DATASET SECTION =
****

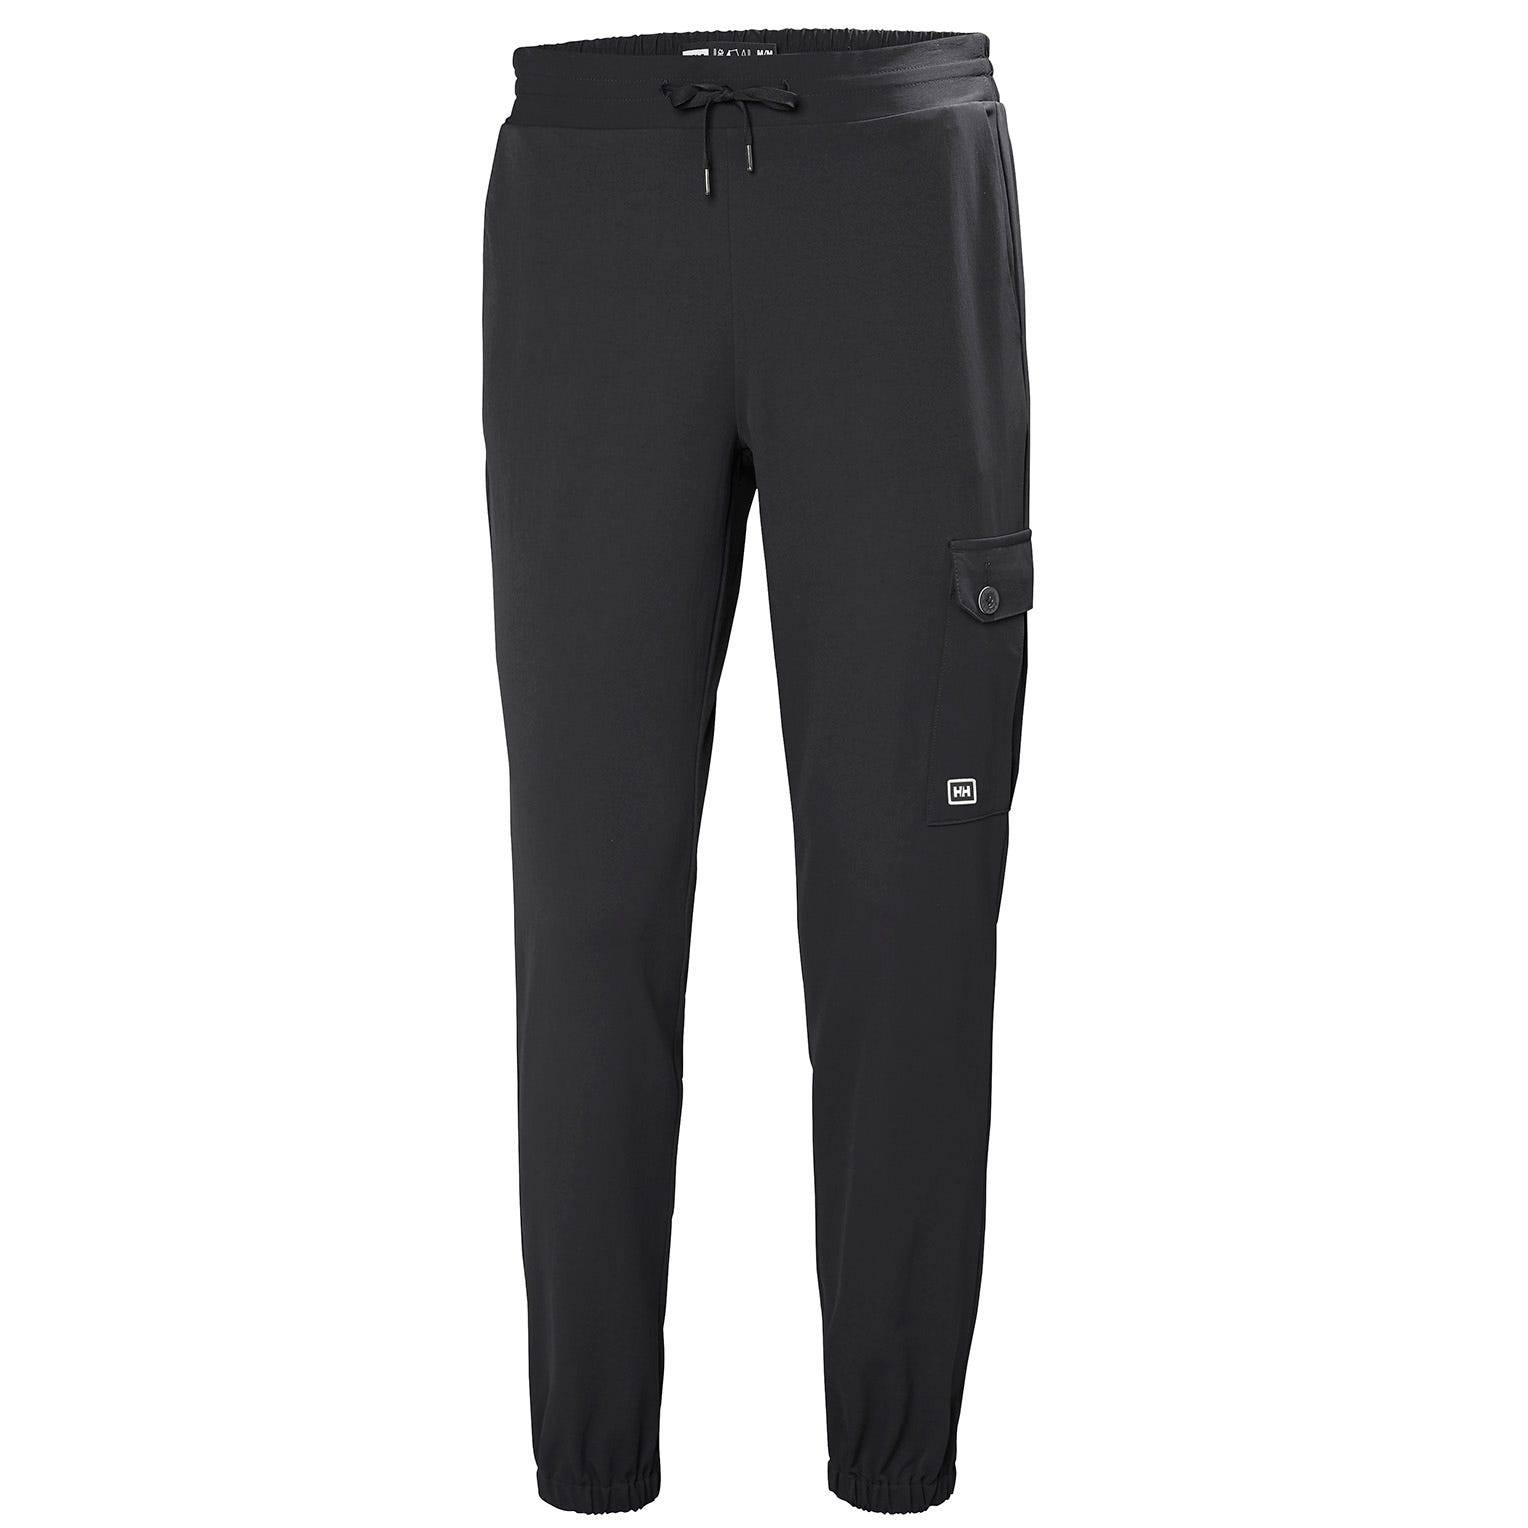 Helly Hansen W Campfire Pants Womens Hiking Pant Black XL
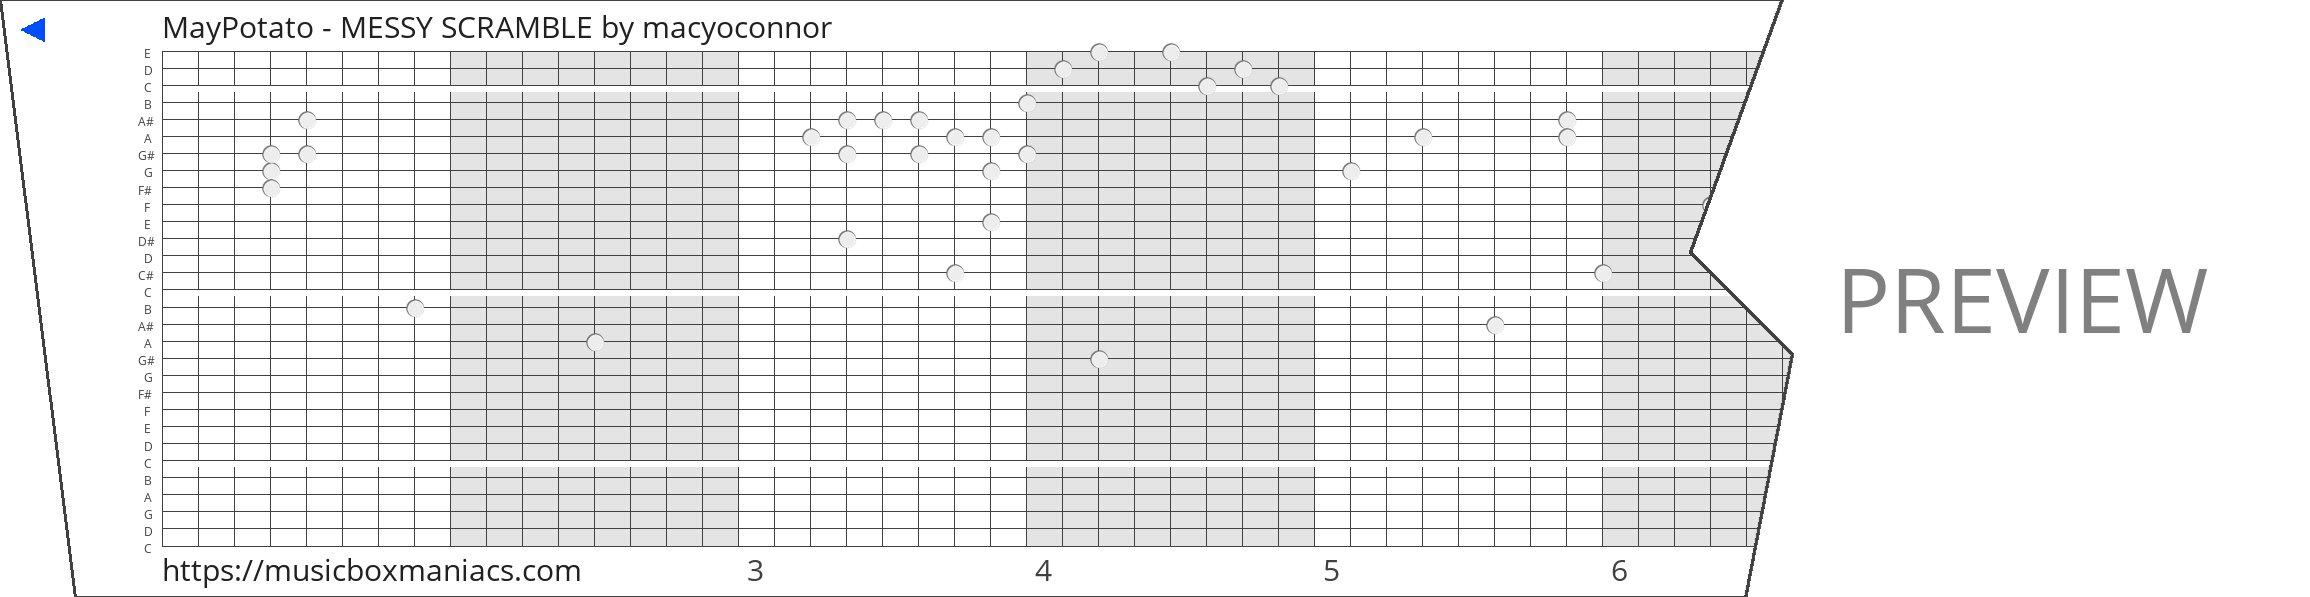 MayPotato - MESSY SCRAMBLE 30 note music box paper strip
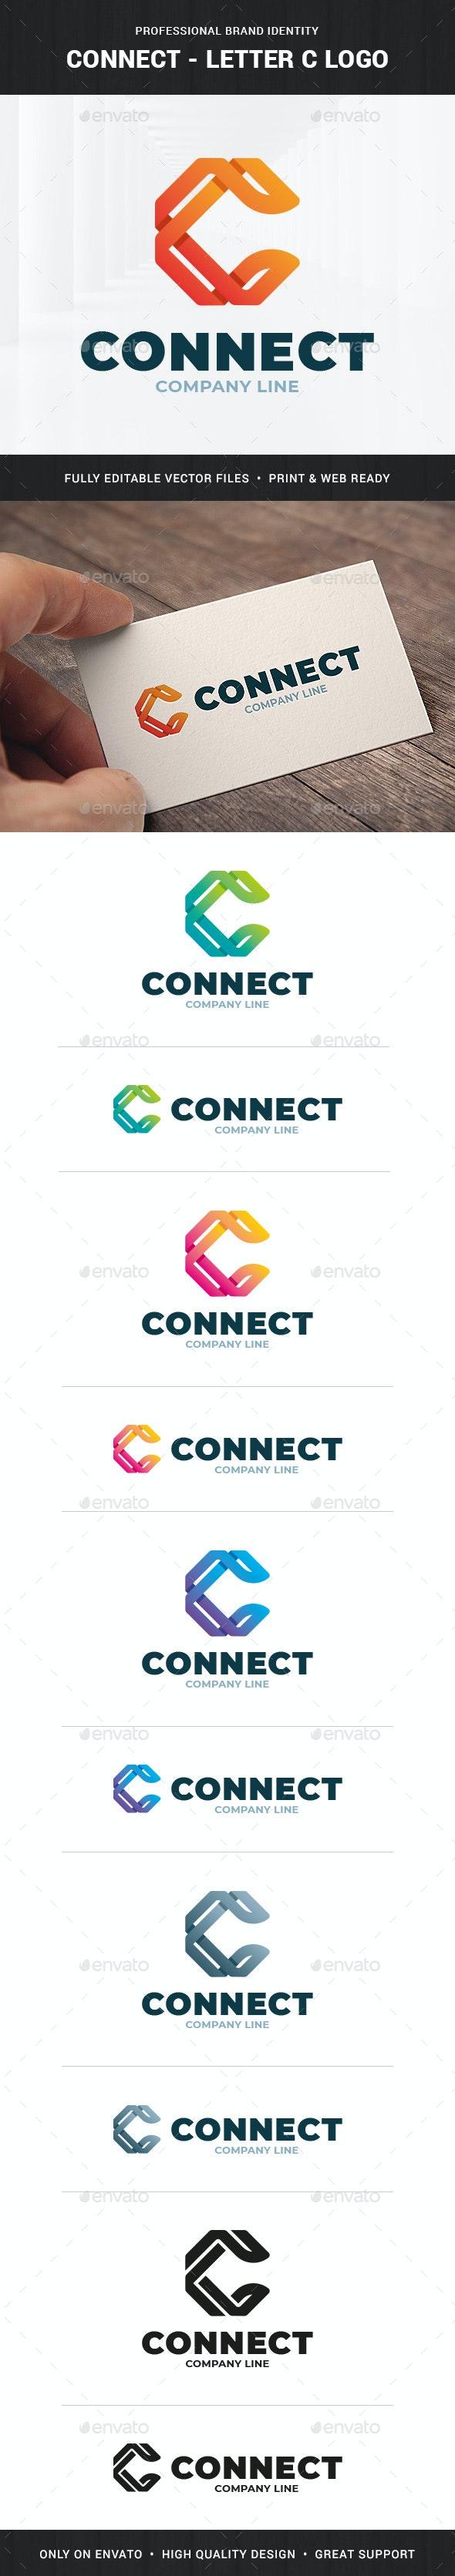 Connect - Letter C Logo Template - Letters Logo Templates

****

EXERCISE PROMPT = Restate the whole listing above exactly, please, omitting every image.

THE ANSWER =
 Helly Hansen W Campfire Pants Womens Hiking Pant Black XL
 MayPotato - MESSY SCRAMBLE 30 note music box paper strip
 Connect - Letter C Logo Template - Letters Logo Templates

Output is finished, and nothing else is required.